Il découle également de ce qui précède que la cause ne peut être transmise à aucune autre juridiction, en particulier pas à la chambre des assurances sociales de la Cour de justice (ci-après : la chambre des assurances sociales) qui est normalement compétente pour traiter des recours contre les décisions (sur réclamation) rendues en matière d'allocations familiales. En effet, il n'est pas possible de savoir si en l'espèce une décision a été rendue et le cas échéant par quelle autorité et dans quel canton, ce qui ne permet pas de retenir comme avérée la compétence de la chambre des assurances sociales – pas plus que d'une autre juridiction administrative.

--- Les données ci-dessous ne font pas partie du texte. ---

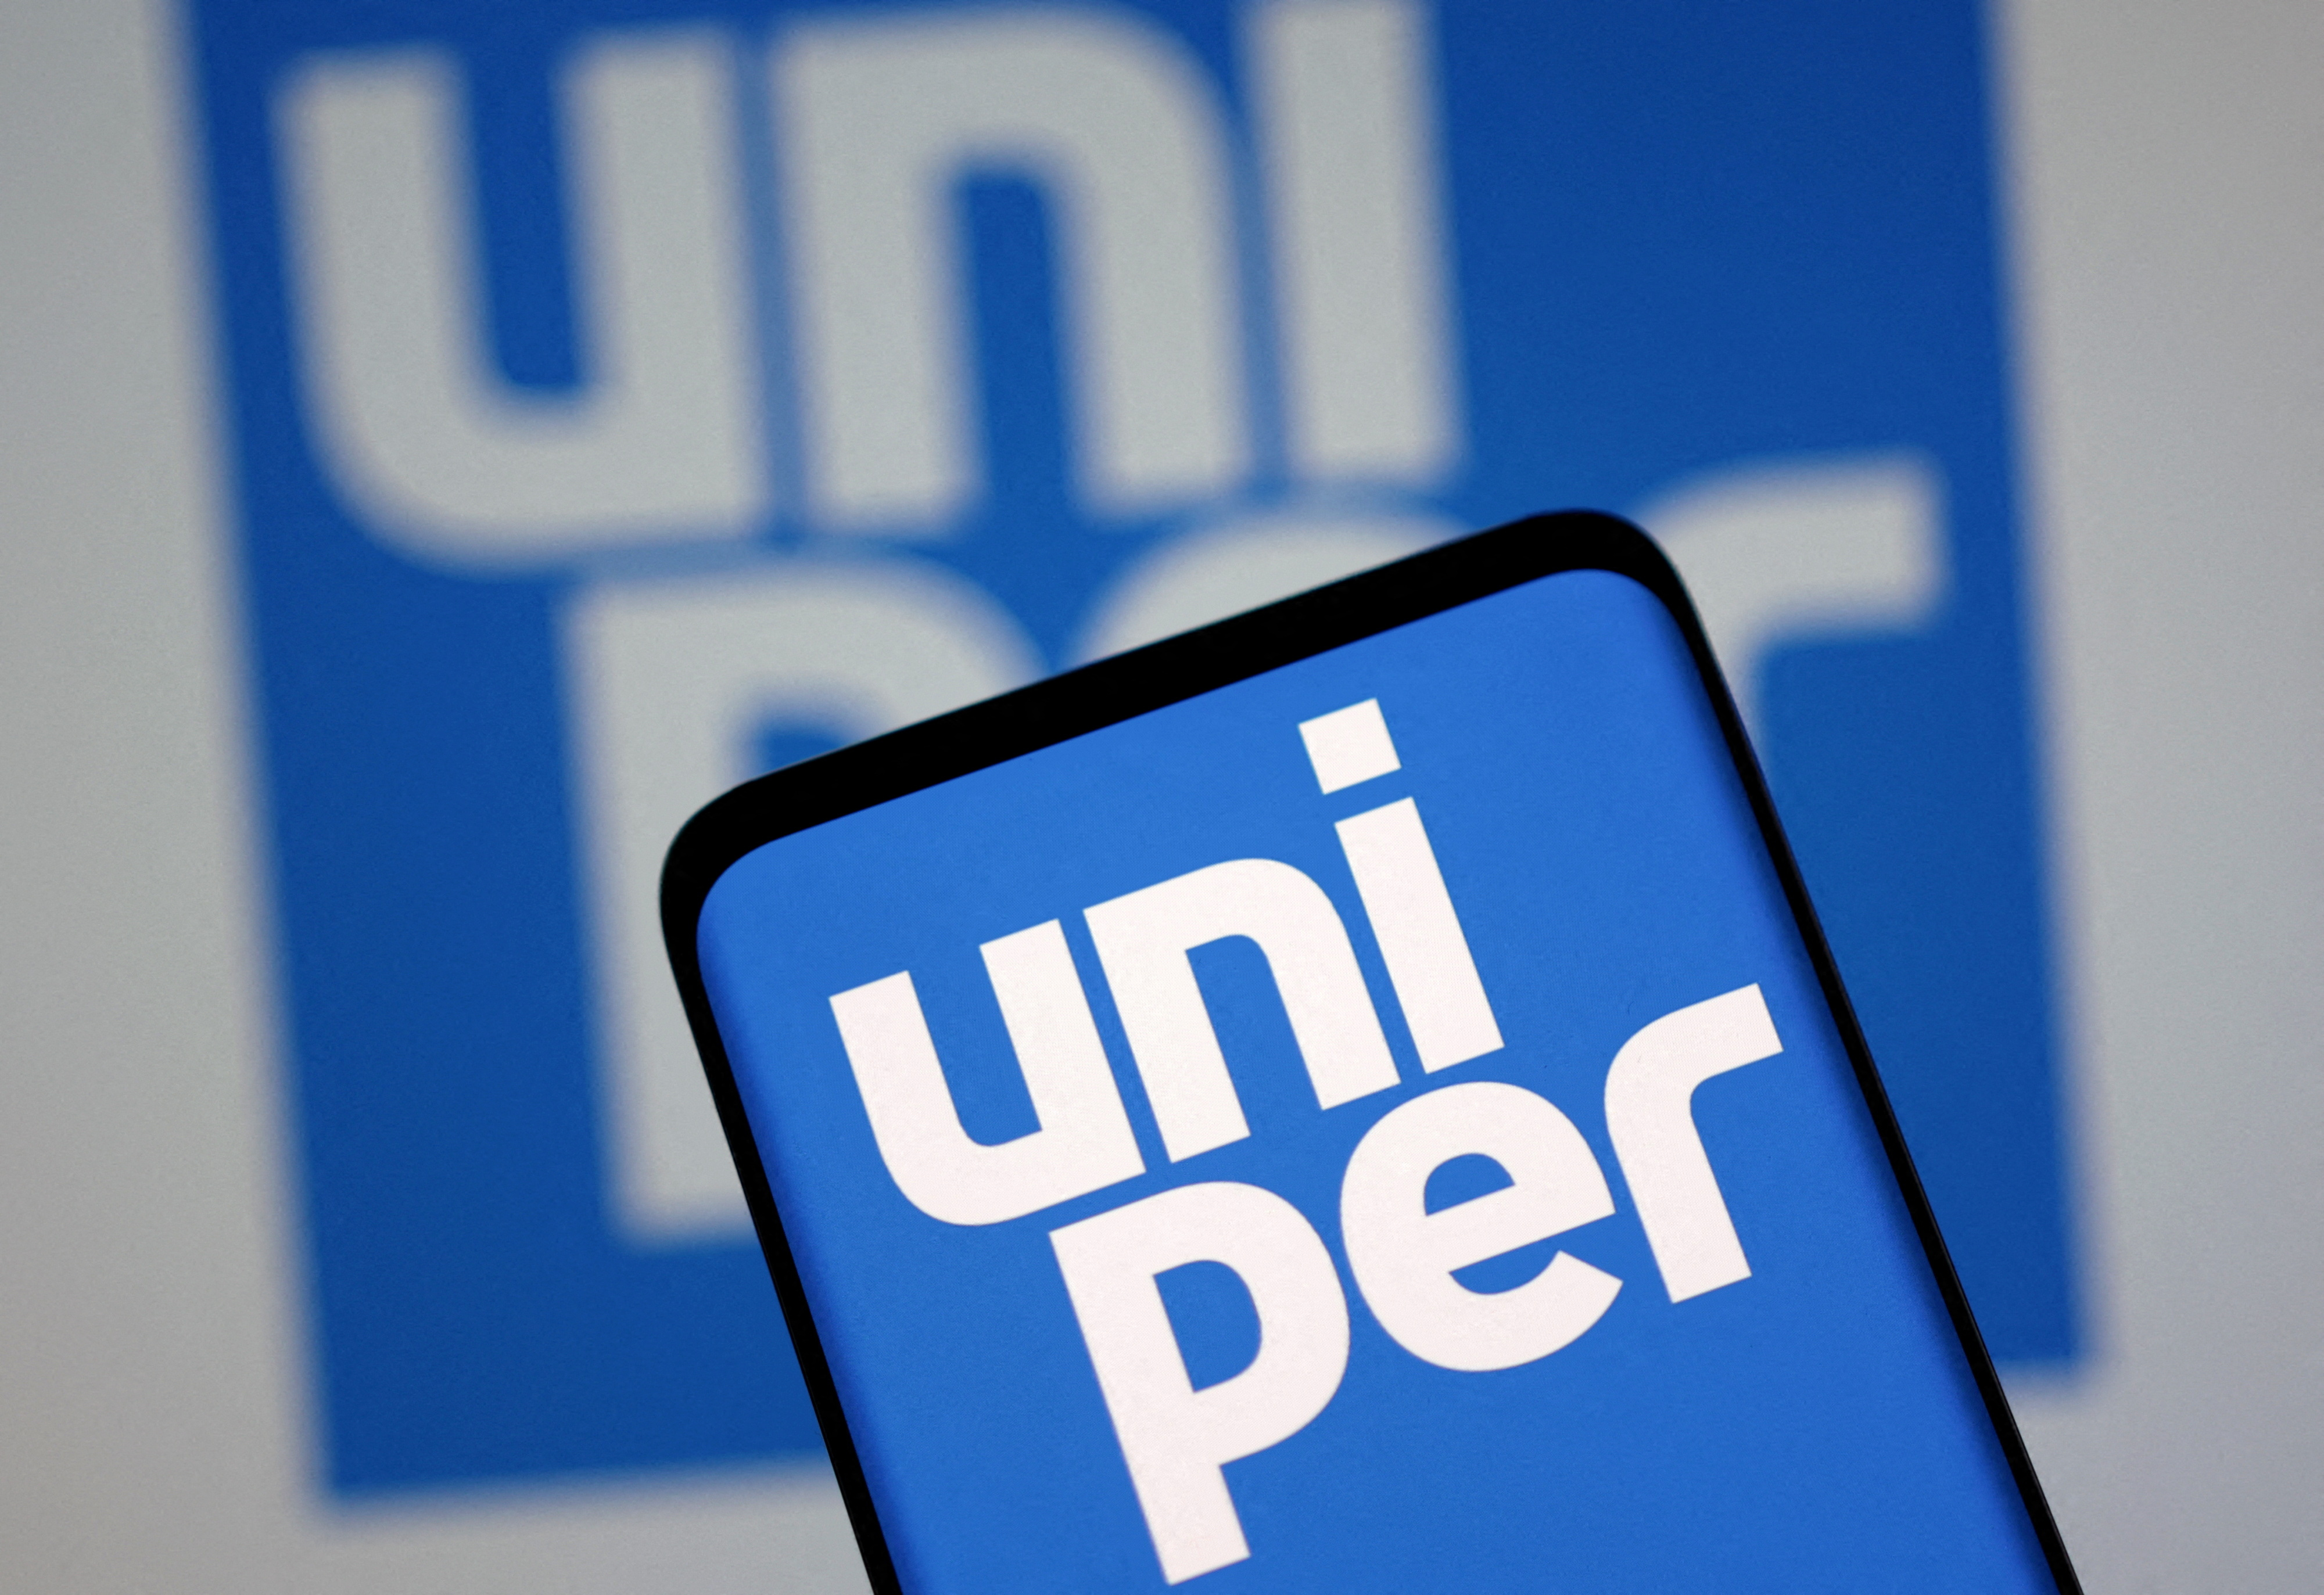 Illustration shows Uniper logo

Il ne sera pas perçu d’émolument en raison de la nature du litige (art. 87 al. 1 LPA et art. 11 al. 1 du règlement sur les frais, émoluments et indemnités en procédure administrative du 30 juillet 1986 - RFPA - E 5 10.03). Vu l’issue de celui-ci, aucune indemnité de procédure ne sera allouée (art. 87 al. 2 LPA).
PAR CES MOTIFS LA CHAMBRE ADMINISTRATIVE
déclare irrecevable l'acte posté le 16 octobre 2018 par Madame A______ ;
dit qu'il n'est pas perçu d'émolument, ni alloué d'indemnité de procédure ;
dit que conformément aux art. 82 ss de la loi fédérale sur le Tribunal fédéral du 17 juin 2005 (LTF - RS 173.110), le présent arrêt peut être porté dans les trente jours qui suivent sa notification par-devant le Tribunal fédéral, par la voie du recours en matière de droit public ; le mémoire de recours doit indiquer les conclusions, motifs et moyens de preuve et porter la signature du recourant ou de son mandataire ; il doit être adressé au Tribunal fédéral, Schweizerhofquai 6, 6004 Lucerne, par voie postale ou par voie électronique aux conditions de l’art. 42 LTF. Le présent arrêt et les pièces en possession du recourant, invoquées comme moyens de preuve, doivent être joints à l’envoi ;
communique le présent arrêt à Madame A______.
Siégeant : M. Verniory, président, Mmes Junod et Payot Zen-Ruffinen, juges.
Au nom de la chambre administrative :
le greffier-juriste :
F. Scheffre
le président siégeant :
J.-M. Verniory
Copie conforme de cet arrêt a été communiquée aux parties.